Consider, however, what might happen, if an El Nino event caused SST
to rise in the presence of an unwarmed atmosphere (atmospheric
responses typically lag SST ENSO changes by months). In this case,
the warmer ocean will cause more water to evaporate, but unlike the
CO2 forcing scenario, RH will rise. Among the consequences might be
increased precipitation, reducing the extent of positive feedback from
the extra water, a reduced lapse rate imposing a negative feedback,
but most relevant to the GRL paper, an increase in cloud cover from
the increased RH. These extra clouds would be consistent with the
increased loss of SW radiation to space reported in the GRL paper. To
summarize this concept, warming originating in the atmosphere might be
expected to reduce RH, permit more evaporated water to remain aloft,
and reduce cloud cover - all phenomena that would mediate positive
feedbacks. Warming originating in the oceans in the presence of an
unwarmed atmosphere might reduce or reverse these proesses, and in
particular, by increasing RH, lead to increased cloud cover and a
strong negative feedback from increased cloud albedo.

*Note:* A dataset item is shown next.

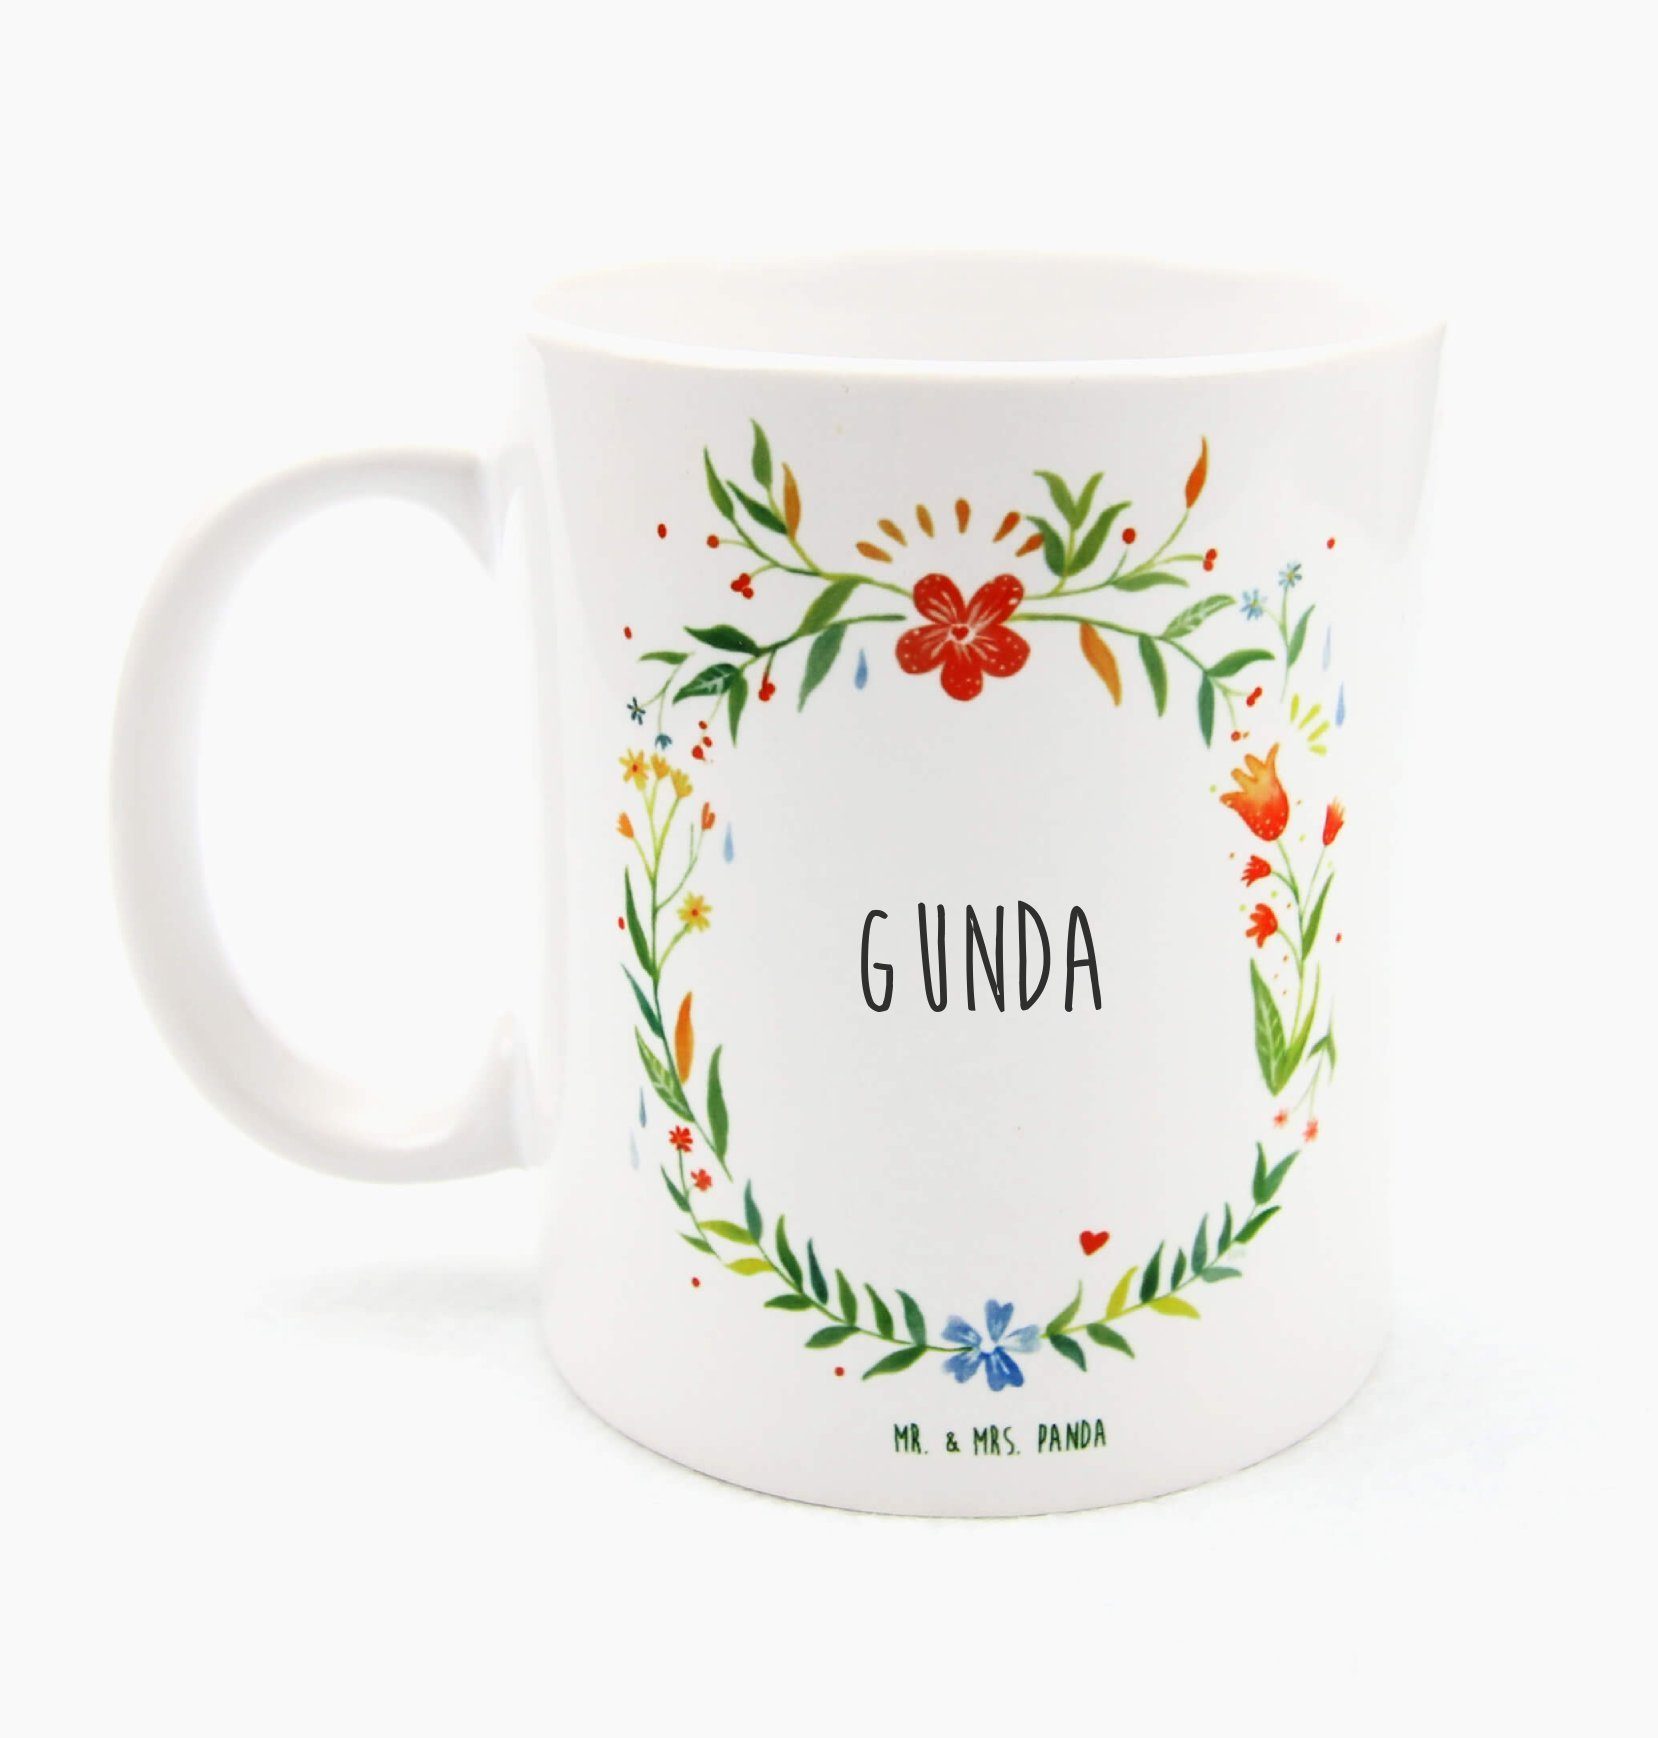 Mr. & Mrs. Panda Tasse Gunda - Geschenk, Porzellantasse, Büro Tasse, Kaffeetasse, Teebecher, Keramik

ENSO-related changes in SST also involve changes in atmospheric and
ocean circulation patterns, and there are many more variables that
render the comparisons with CO2-mediated forcing questionable beyond
the source of the extra heat. Rather than claim to have explained all
of Lindzen's results by my simple example, I will limit myself to
suggesting that his explanation does not deserve to be accepted at
this point as anything more than a demonstration that heat added to
the climate system from the oceans may possibly generate negative
feedbacks, and that the magnitude and direction of feedbacks from CO2
have not yet been shown to be derivable from that conclusion.